De omstandigheid dat [persoon 4] als getuige op zitting heeft verklaard dat hij de zakelijke laptop en zijn telefoon met telefoonnummer [telefoonnummer] aan anderen, waaronder [persoon 2] heeft uitgeleend, maakt wat de rechtbank betreft niet dat de verklaring van verdachte niet langer als ongeloofwaardig moet worden aangemerkt. De rechtbank zal de verklaring van verdachte ter zitting afgelegd bij de beoordeling van het bewijs dan ook terzijde schuiven.
Overwegingen van de rechtbank
Feiten 1, 2 en 5
Gelet op de hiervoor weergegeven feiten en omstandigheden is de rechtbank van oordeel dat de TOGSaanvraag van [naam bedrijf BV 1] valselijk is opgemaakt. De afbeelding van de bankpas van [naam bedrijf BV 2] , waarop ten onrechte gegevens van [naam bedrijf BV 1] / [persoon 1] zijn vermeld, is vervalst. Het indienen van de valse TOGSaanvraag met daarbij de vervalste afbeelding van een bankpas levert ook een poging tot oplichting op. Daarbij is valselijk gebruik gemaakt van de naam en de hoedanigheid van [persoon 1] als bestuurder van [naam bedrijf BV 1] , zijn in de aanvraag verdichtsels opgenomen en levert het vervalsen van de afbeelding van de bankpas een listige kunstgreep op.
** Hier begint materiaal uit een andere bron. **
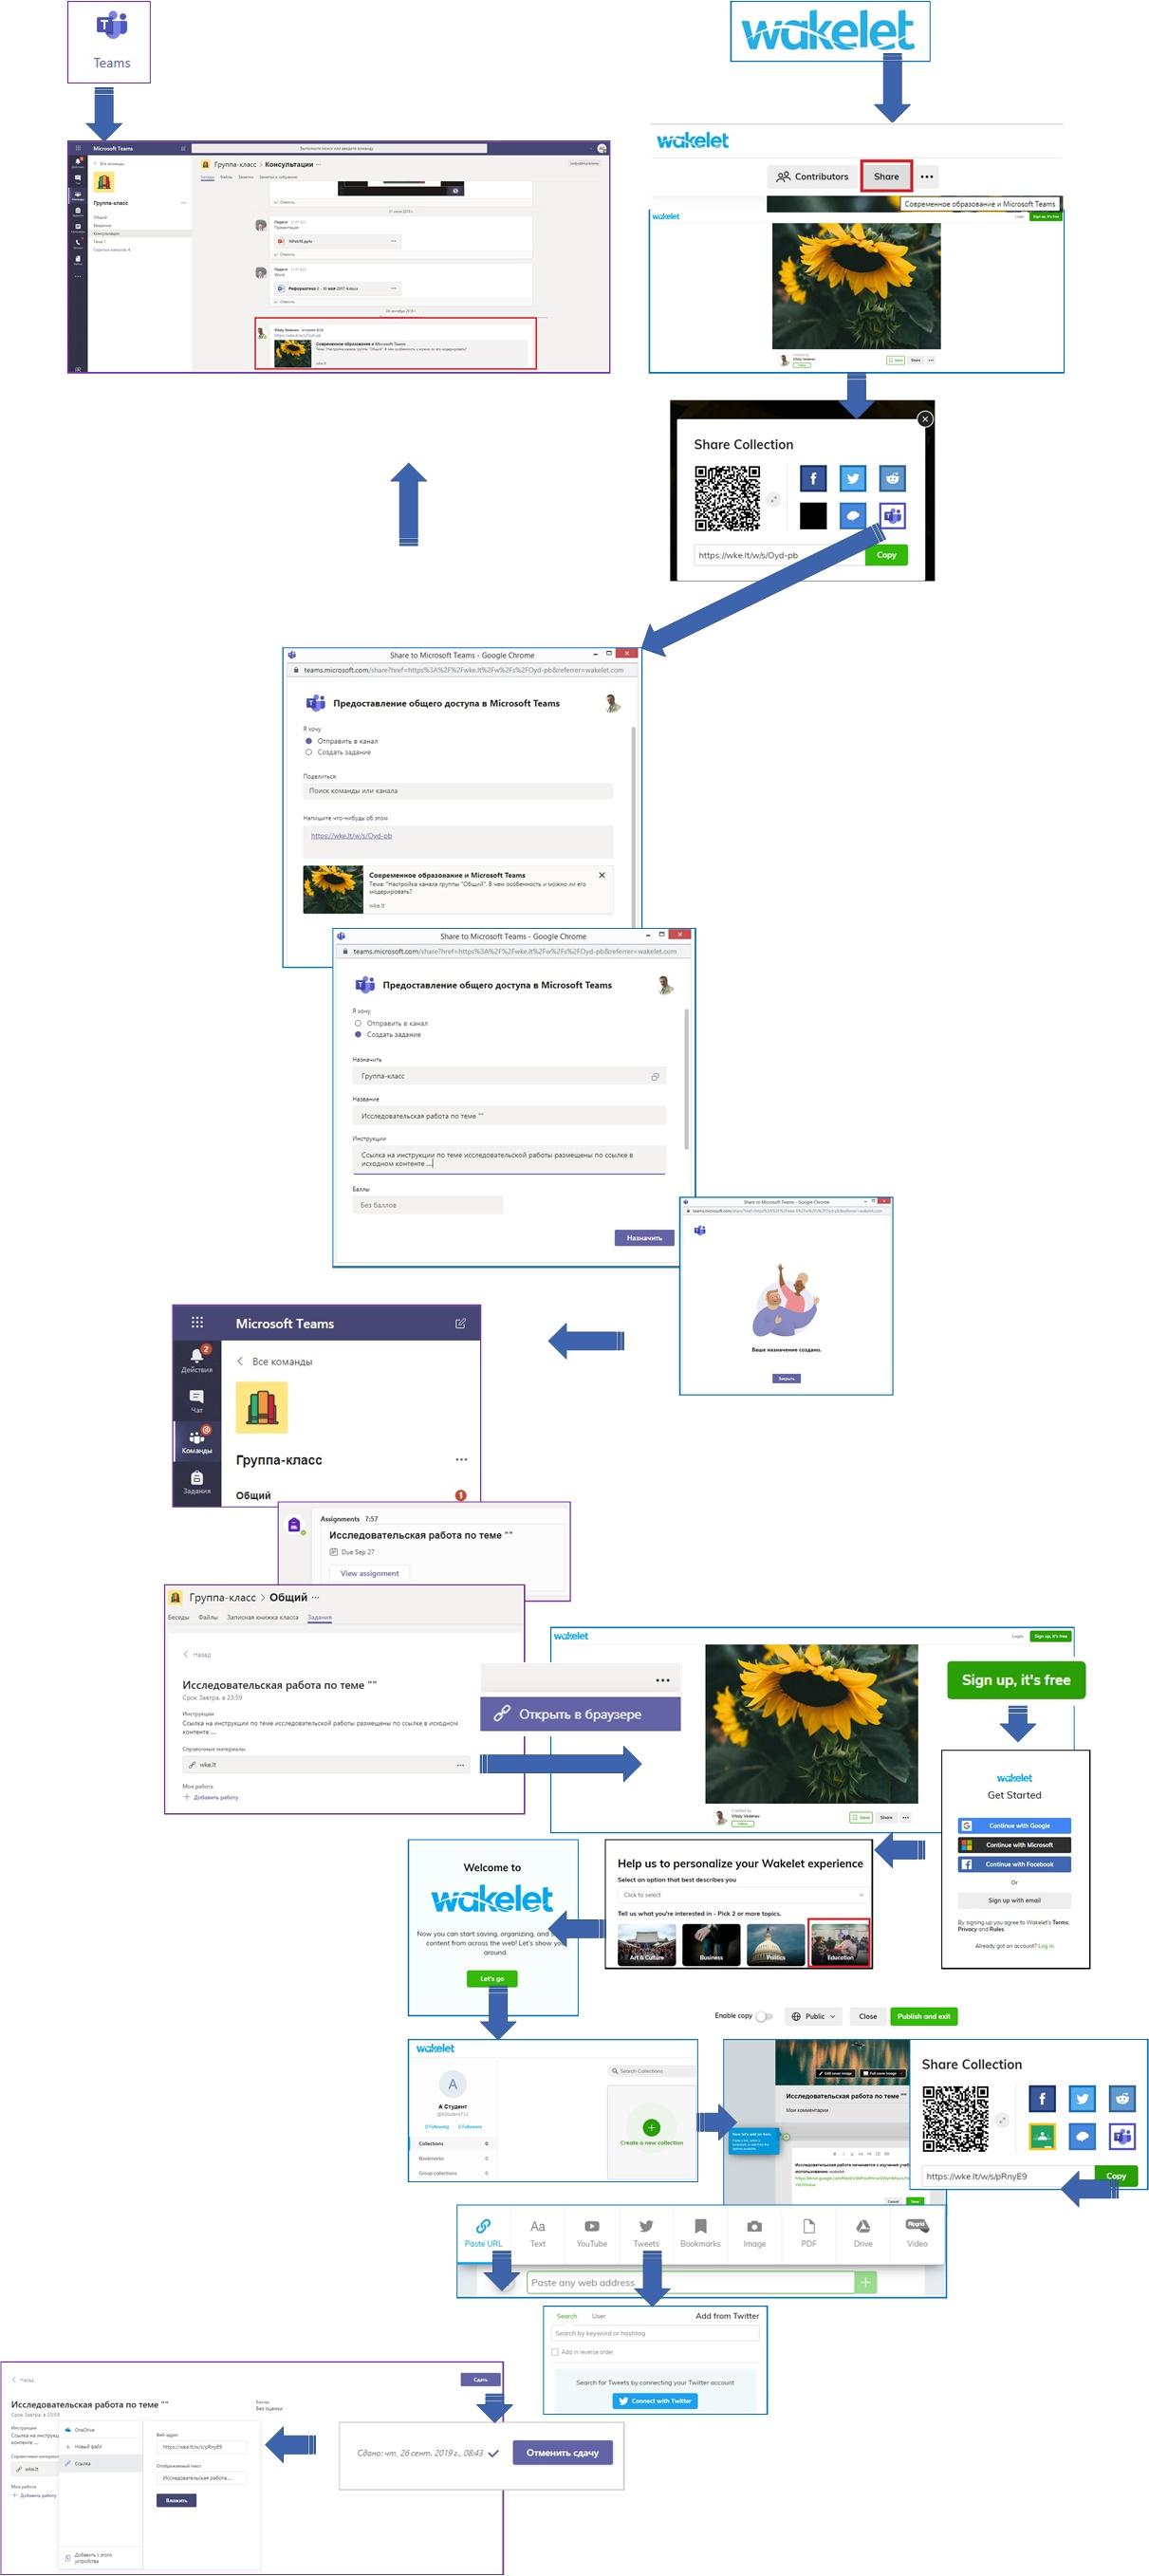 Схема организации исследовательской работы для обучаемых средствами wakelet и Microsoft Teams Office 365

Omdat de bestuurder en enig aandeelhouder van dit bedrijf, [persoon 1] , ten tijde van de aanvraag en het e-mailcontact gedetineerd zat, was hij niet in staat deze aanvraag te doen, net zomin als de handelingen te verrichten met betrekking tot het vervalsen van de afbeelding van de bankpas.
De betrokkenheid van verdachte bij deze feiten volgt naar het oordeel van de rechtbank uit het gebruik van de bankrekening van [naam bedrijf BV 2] , een bedrijf van verdachte, het aantreffen van het gebruikte e-mailadres op de onder verdachte in beslag genomen laptop en het aantreffen van de afbeelding van de bankpas op de onder verdachte in beslag genomen telefoons. Tot slot betrekt de rechtbank daarbij ook het gegeven dat het telefoonnummer [telefoonnummer] – dat per e-mail aan de RVO is doorgegeven – in de telefoon van [persoon 2] stond opgeslagen onder de naam ‘ [naam 1] ’, in combinatie met het gegeven dat het telefoonnummer [telefoonnummer] dat verdachte bij zijn verhoor heeft opgegeven, in diezelfde telefoon stond opgeslagen als ‘ [naam 1] ’.
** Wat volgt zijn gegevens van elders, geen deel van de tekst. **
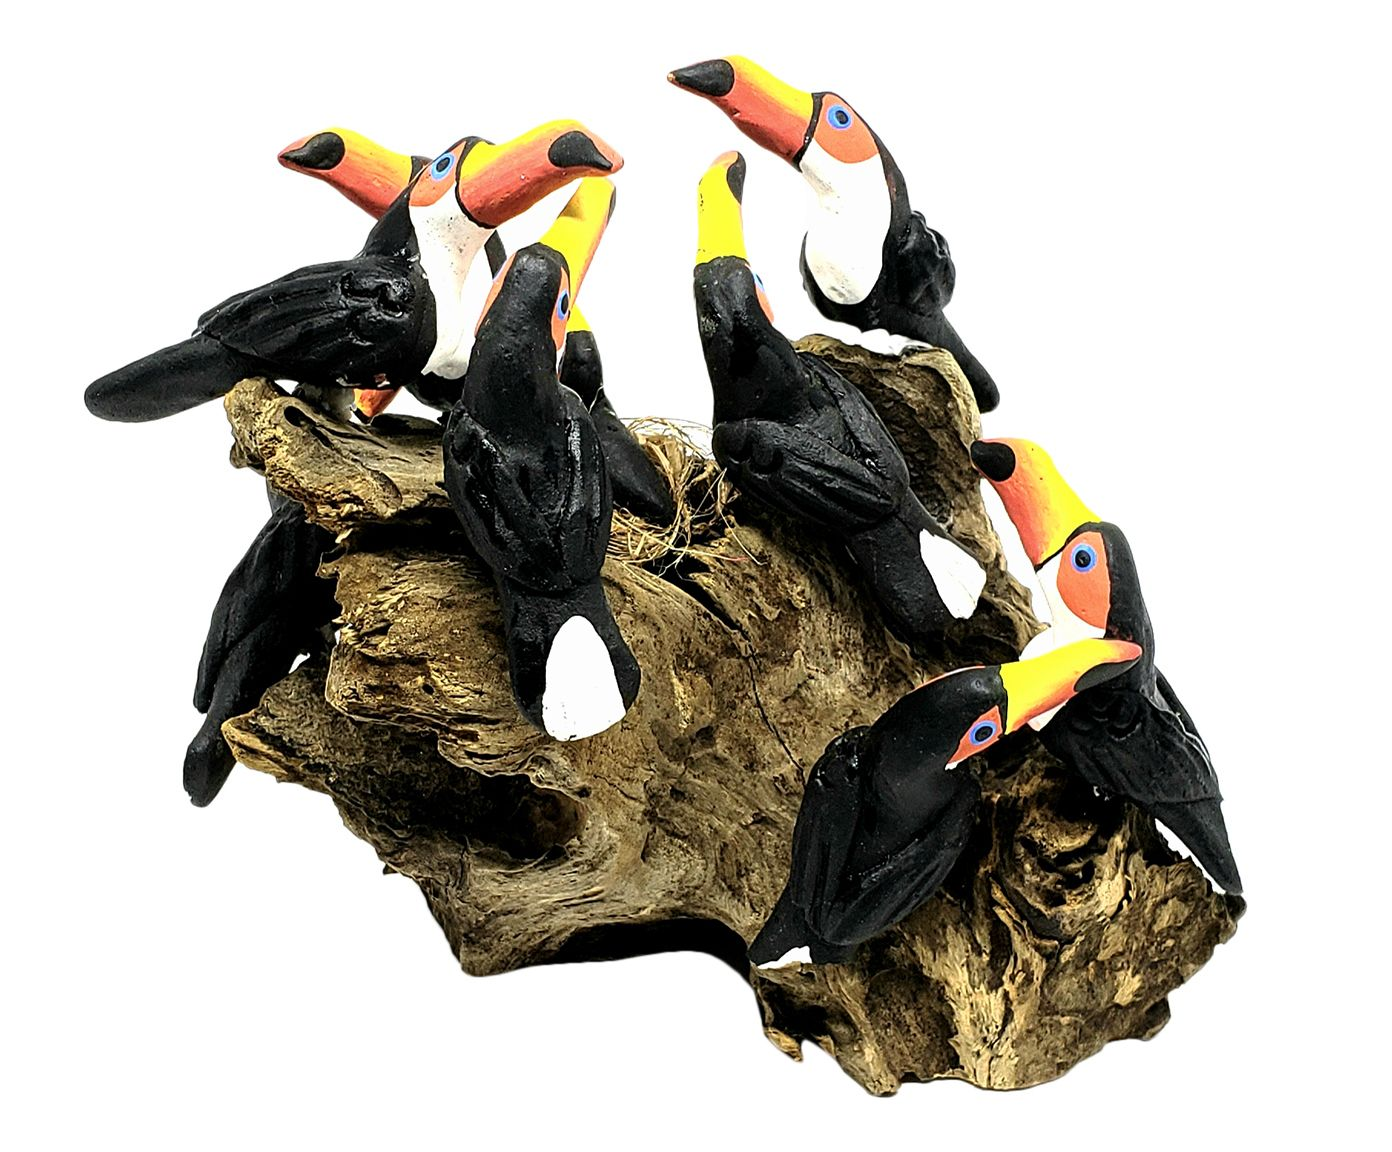 Escultura Pássaros No Tronco Oito Tucanos - 15X14cm | Westwing.com.br

De rechtbank is gelet op het voorgaande dan ook van oordeel dat bewezen kan worden dat verdachte bij voornoemde feiten als medepleger betrokken is geweest. Voor zover verdachte niet zelf de handelingen heeft verricht, blijkt uit het geheel van gedragingen dat een nauwe en bewuste samenwerking met één of meer anderen vereist is geweest om de (ver)vals(t)e stukken bij de RVO in te dienen en zo te proberen een TOGS-uitkering te ontvangen.
Feiten 3, 4 en 6
Gelet op de hiervoor weergegeven feiten en omstandigheden is de rechtbank van oordeel dat de NOWaanvragen van [naam bedrijf BV 4] . valselijk zijn opgemaakt. Het indienen van de valse NOW-aanvragen levert ook oplichting op. Daarbij is valselijk gebruik gemaakt van de naam [persoon 3] / [persoon 3] en de hoedanigheid van directeur personeelszaken. De onwaarheden in de aanvragen leveren een samenweefsel van verdichtsels op.
Gelet op het feit dat er geen [persoon 3] betrokken was bij het bedrijf, laat staan als directeur personeelszaken, kan zo iemand de aanvragen niet hebben opgemaakt, ondertekend en ingediend.
De betrokkenheid van verdachte bij deze feiten volgt naar het oordeel van de rechtbank uit het gebruik van een telefoonnummer van verdachte ( [telefoonnummer] ) en een e-mailadres ( [mailadres] ) waarmee op zijn laptop is ingelogd. Ook het gegeven dat een groot deel van het geld terecht is gekomen op de bankrekening van [naam bedrijf BV 2] draagt bij aan de vaststelling dat verdachte betrokken is bij de oplichting en de valsheid in geschrift.
De rechtbank is gelet op het voorgaande van oordeel dat bewezen kan worden dat verdachte bij de voornoemde feiten als medepleger betrokken is geweest.
Voor zover verdachte niet zelf de handelingen heeft verricht blijkt uit het geheel van gedragingen dat een nauwe en bewuste samenwerking met één of meer anderen vereist is geweest om de valse aanvragen bij het UWV in te dienen en zo NOWuitkeringen te ontvangen.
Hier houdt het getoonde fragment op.